A typical ML pipeline spans data ingestion, cleaning, transformation, feature engineering, storage and delivery to training environments, often requiring orchestration across batch and real-time systems. Common tools in the stack include Apache Kafka or Amazon Kinesis for streaming ingestion, Apache Airflow or Prefect for orchestration, Spark or Pandas for transformation, and AWS S3, Snowflake, or BigQuery for scalable storage. Teams often underestimate the effort to clean and label data, handle schema changes, and ensure reproducibility. Technical debt can quietly accumulate when pipelines aren’t versioned, monitored, or modularized. The key is designing with observability, reusability, and fault tolerance in mind from day one. It is a living, evolving system that directly impacts the long-term quality and trustworthiness of your ML inferences.
Below is a table of some of the different tools that exist.
Category | AWS | Azure | Google Cloud | OCI |
ETL / Orchestration | AWS Glue, Step Functions | Azure Data Factory | Cloud Dataflow, Cloud Composer (Airflow) | OCI Data Integration |
ML Workflow Management | Amazon SageMaker Pipelines | Azure ML Pipelines | Vertex AI Pipelines | OCI Data Science Pipelines |
Data Processing | EMR (Spark), AWS Glue | Azure Databricks, Synapse | Dataproc (Spark), BigQuery | OCI Data Flow (Spark) |
Storage | Amazon S3 | Azure Blob Storage, Data Lake Storage | Google Cloud Storage, BigQuery | OCI Object Storage |
Notes on Usage | Highly modular, widely adopted | Strong Microsoft integration, hybrid-friendly | Unified AI + data stack, BigQuery synergy | Strong enterprise tools, growing ML focus |
The team also needs to implement metrics that will be used to monitor and alert on model performance, inference server issues, skew in training – serving distribution where the model might be predicting on data distributions that it has not been trained on or if it is predicting outside a distribution range seen during training. Trained models exist for a variety of use-cases and can be re-used as long as the features and labels match exactly. If they don’t, the predictions will be poor. We will go deeper into model metrics in future posts.
ML Basics: Types of ML Solutions
If you already know the value or category you want to predict, you will likely use supervised learning models for your solution. If you want to learn if your dataset contains segmentations or groupings, use unsupervised learning. To create new, unique content , you would use Generative AI.

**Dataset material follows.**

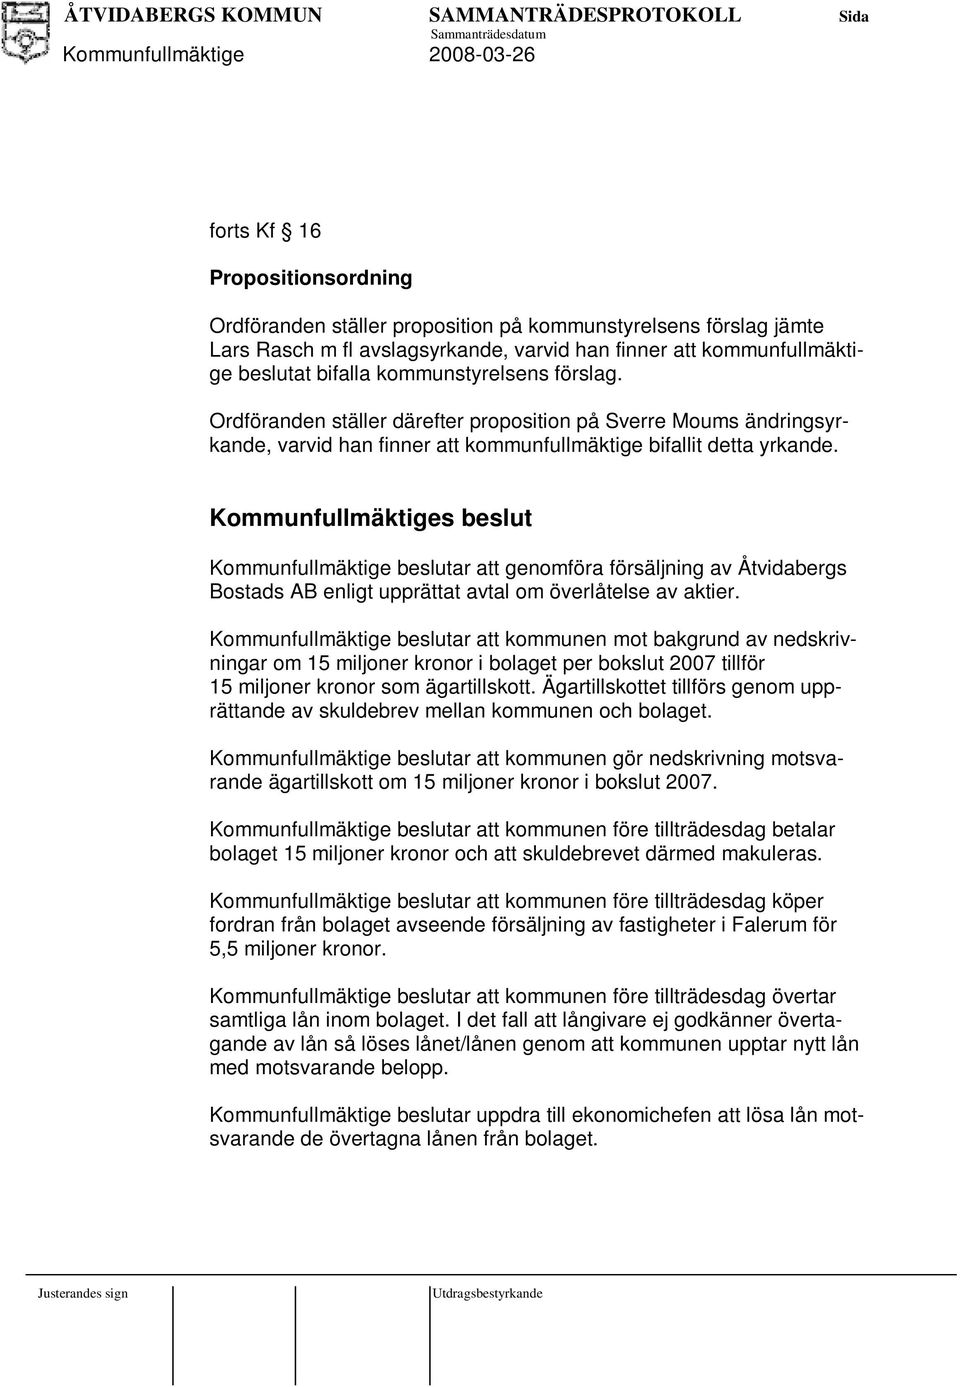 Kommunfullmäktiges beslut Kommunfullmäktige beslutar att genomföra försäljning av Åtvidabergs Bostads AB enligt upprättat avtal om överlåtelse av aktier.

Machine learning has two main phases:
- Training:
Input data are used to calculate the parameters of the model. The goal of training is to create a model that can answer a question. - Inference:
The “trained” model outputs correct data from any input. Inference is when the trained model is used to infer (predict) values using live data. Like putting the model into production.

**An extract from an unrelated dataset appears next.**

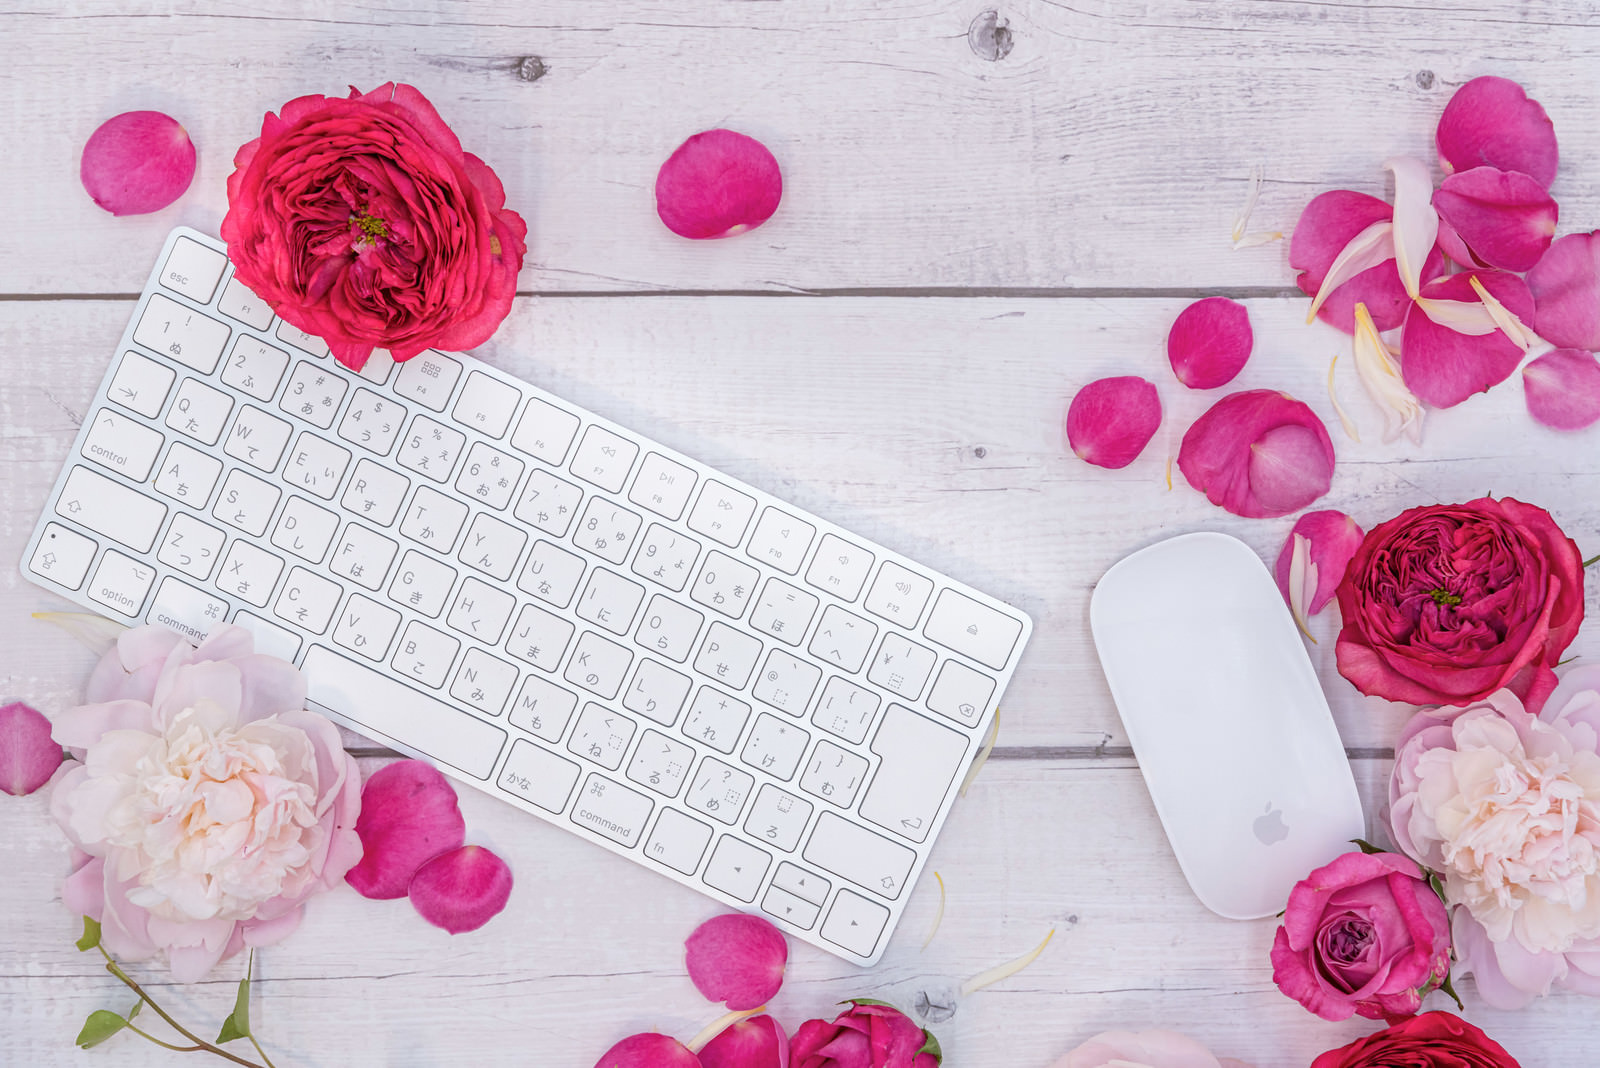 「薔薇の花弁とキーボード」の写真

We dive into the different approaches to train a model below.
Supervised Learning
In supervised learning, the model finds connections that produce the correct answer. The model makes predictions after seeing lots of data labelled with correct answers. It then discovers the connections between the elements in the data that produce correct answers. The output can be a numerical value or single/multiple categories.

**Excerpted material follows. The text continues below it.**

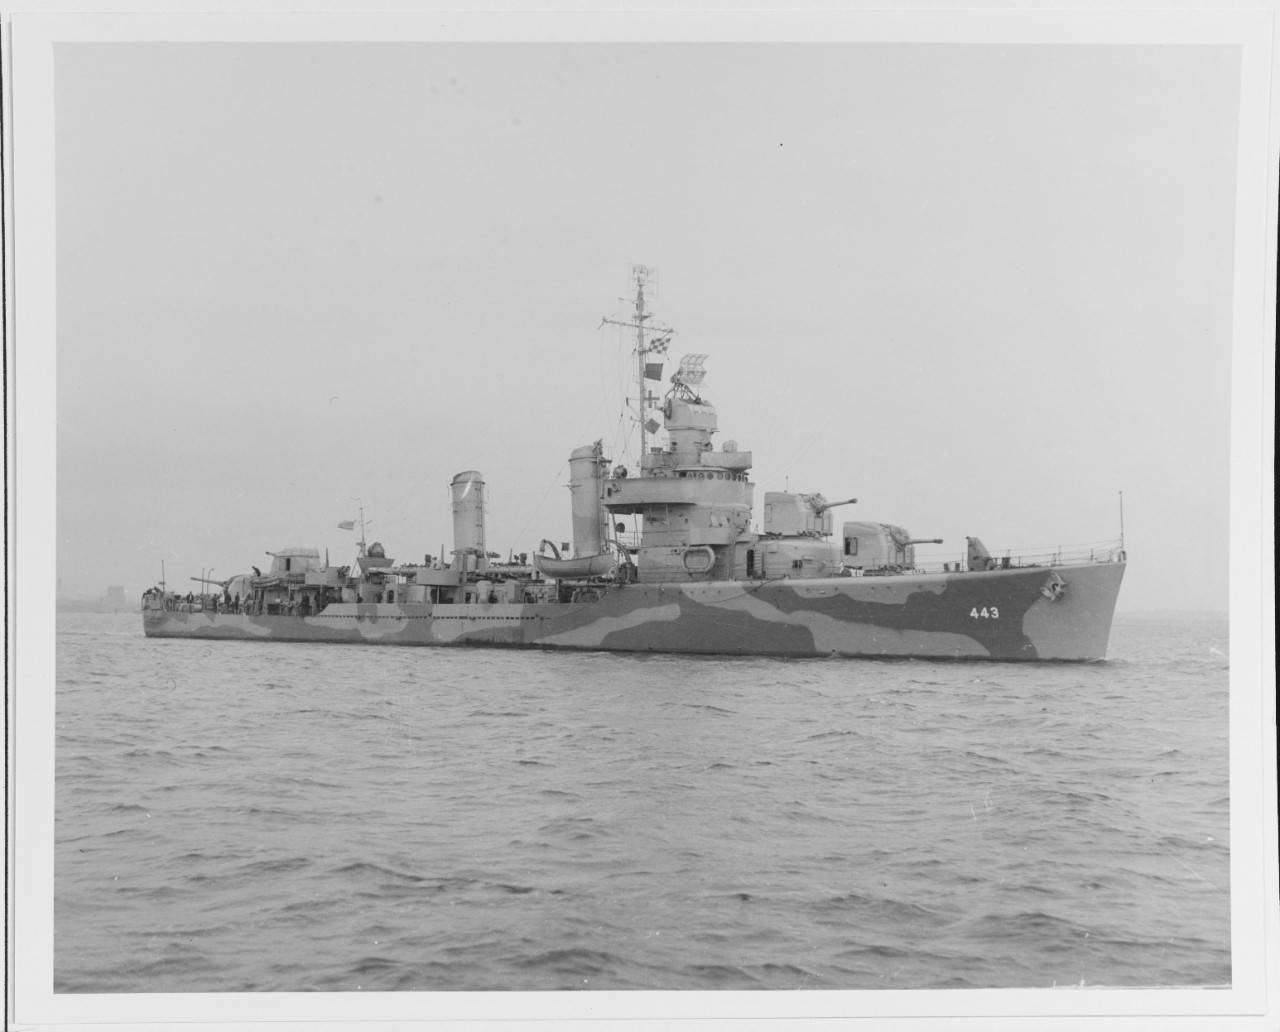 USS SWANSON (DD-443)

During training, the model finds the best solution by comparing its predicted value to the label’s actual value. Based on the loss (difference between predicted and actual value), the model gradually updates its solution. The model works its way through each example in the training dataset to learn the correct relationship between the features and the label.
This is like studying old SAT exam papers and question-answer banks to prepare for the exam.
Once trained, the model is evaluated to determine how well it learned. Evaluation is done with a labelled evaluation dataset that the model has not seen before. However, the model is only given the features and not the labels that indicate the correct answer. The model’s prediction is then compared to the actual true labelled values to see how well it performed. The performance is used to decide on retraining needs such as adjusting features or training on a larger dataset, or whether to deploy the model to the real-world. In a real-world scenario, the model makes predictions called inferences on unlabelled data that only has features.
Regression Models
Regression models produce a numerical value as the output. Examples are predicted home prices, temperature, drive time etc.
Regression models are unaware of product defined thresholds. Use-cases that employ a regression model should be cautious if small differences in the model predictions significantly alter the outcome or product behavior. In such cases, a classification model might be a better choice, as it produces thresholds by default based on the loss function. Alternatively, you could use dynamic thresholds that you set within your application instead. This way, you can easily update the thresholds while the model continues to make reasonable predictions that represent the final decision or outcome for your problem statement such as flight price is higher than normal for this route etc.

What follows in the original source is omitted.